# Had my gender scan today



## LittleLady04

and it's a BOY!! :blue:

I can't believe I've finally got my blue bundle after three little girls. I was convinced it would be another girl.

Thank you so much for your support over the past few months ladies, would have been tougher without you :flower:

Good Luck to you all :hugs:


----------



## springbabe

Yay happy for you!


----------



## pinkribbon

Fabulous! :yipee: 

I'm pleased for you!


----------



## BeccaxBump

Congrats hunny!
Good for you!
:dance:
xoxox


----------



## ILoveYouZandT

Aww YAY!!! Congratulations big time on your blue bundle!!!


----------



## dollych

Awww congrats!!!. That's great news. Bet you are over the moon :) xxx
Welcome to team Blue!!!!!! :) xx


----------



## Kitten-B

Congratulations!! Enjoy your wee man! He'll be a lucky boy with 3 older sisters to look after him!


----------



## 6lilpigs

Fantastic news!!!!


----------



## LittleLady04

Thank you Ladies :hugs:


----------



## katrus78

Congratulations!


----------



## HopefulPony

Awwww congrats on your blue bundle!


----------



## jenniferttc1

Congrats!

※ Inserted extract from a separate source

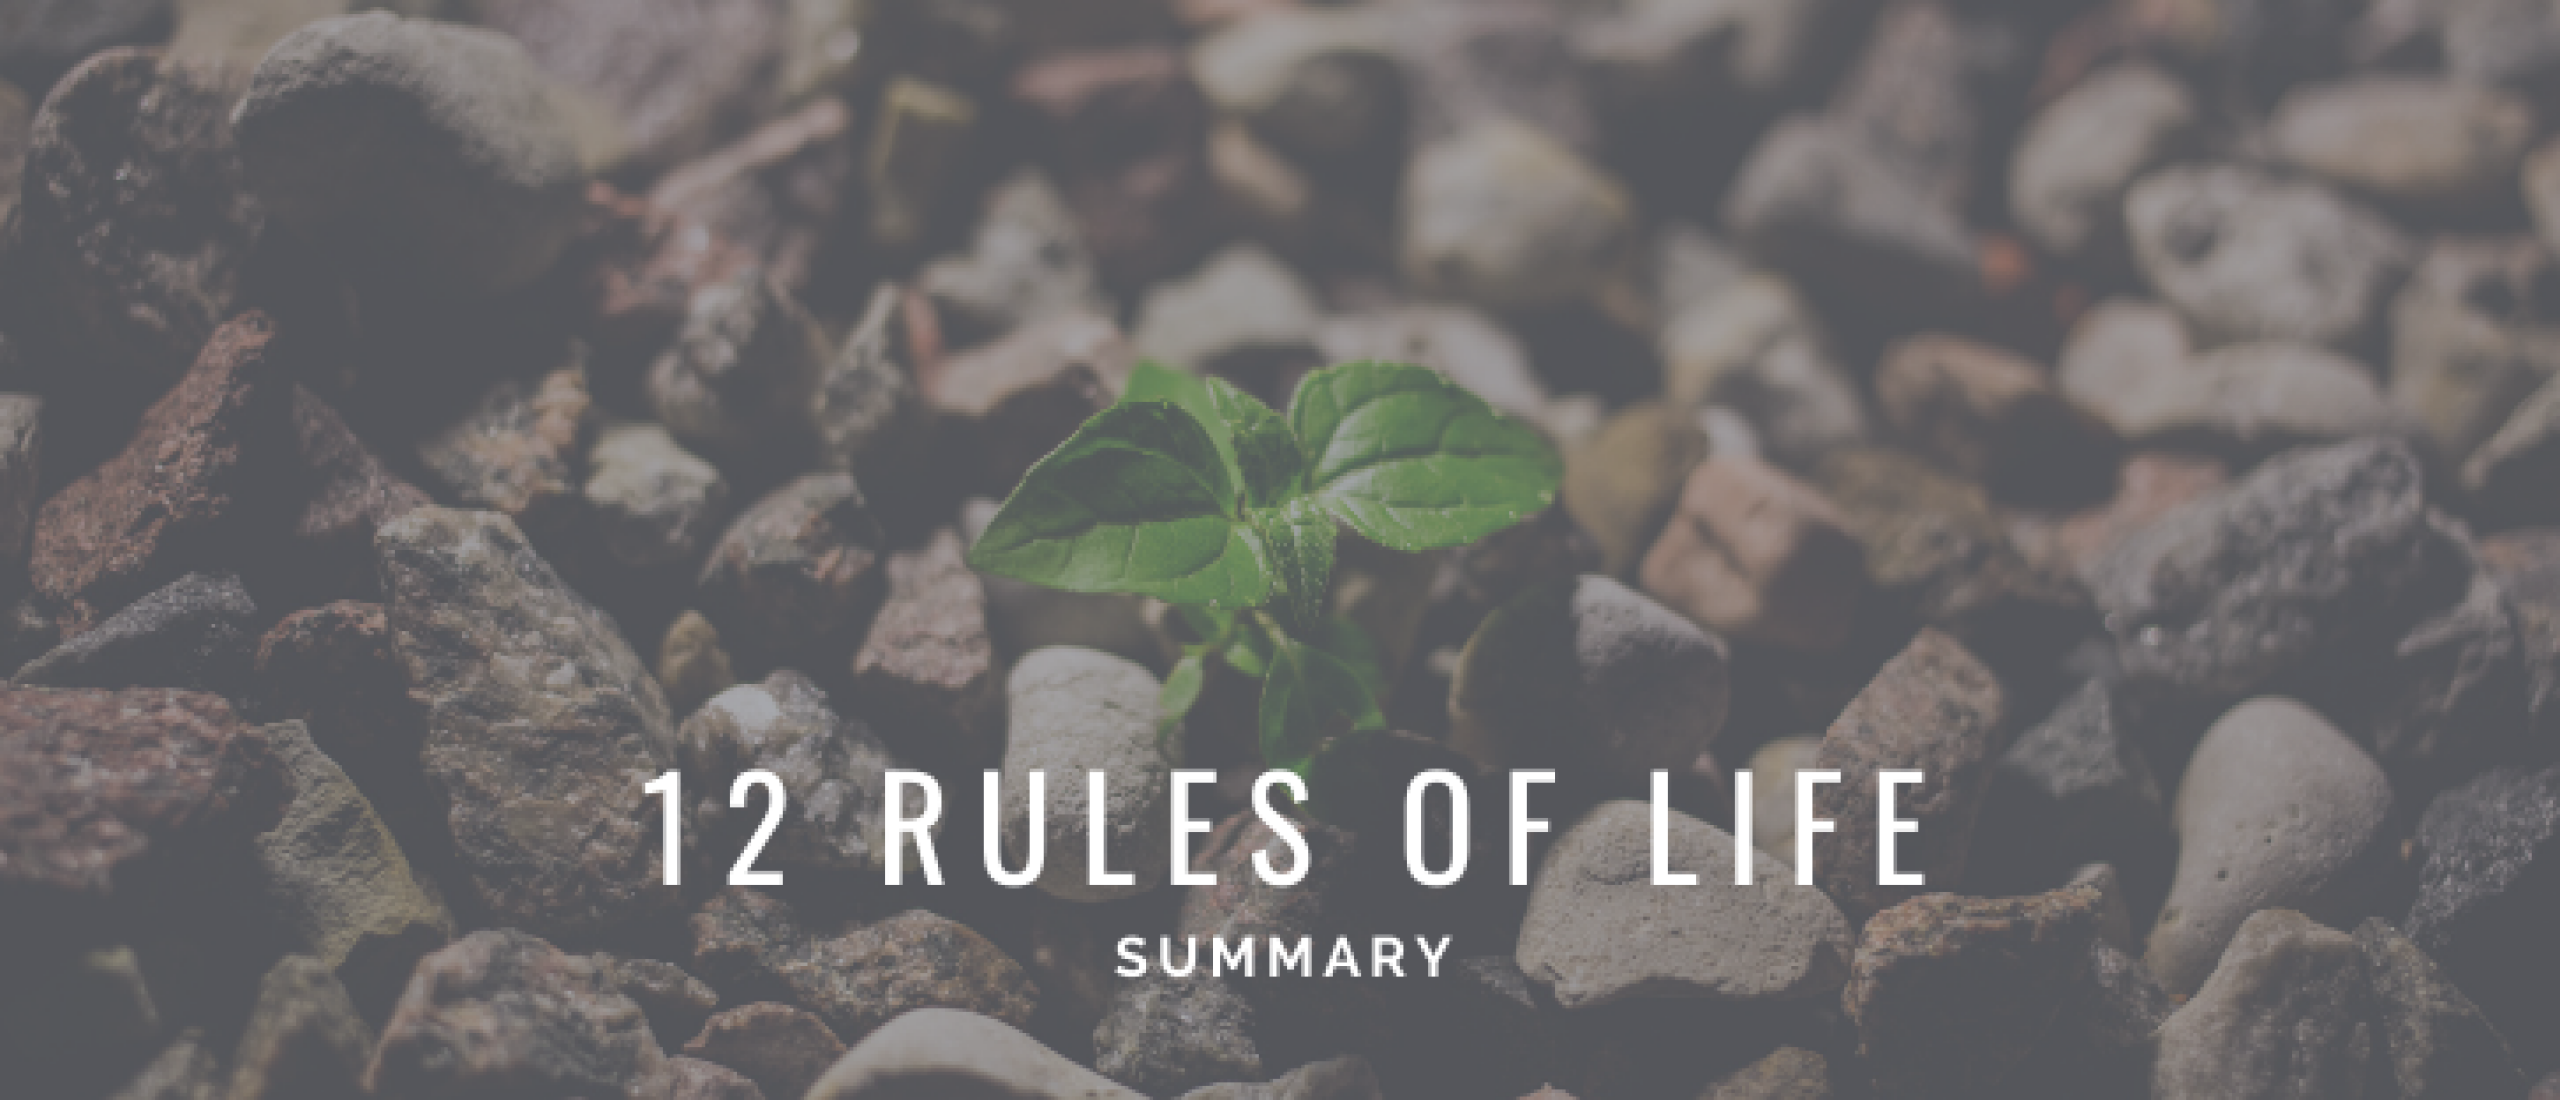 Summary 12 Rules for Life by Jordan B. Peterson

You will LOVE having a boy. So sweet :)


----------



## JasperJoe

great news! enjoy buying blue bits xxx


----------



## LittleLady04

Thanks Ladies :flower:


----------



## MrsP2be

That's wonderful news .... Congratulations :thumbup: xxxxxx


----------



## ladywright123

really happy for you :)


----------



## rwhite

How lovely, congratulations xx


----------



## MrsP2be

:happydance: xxxx


----------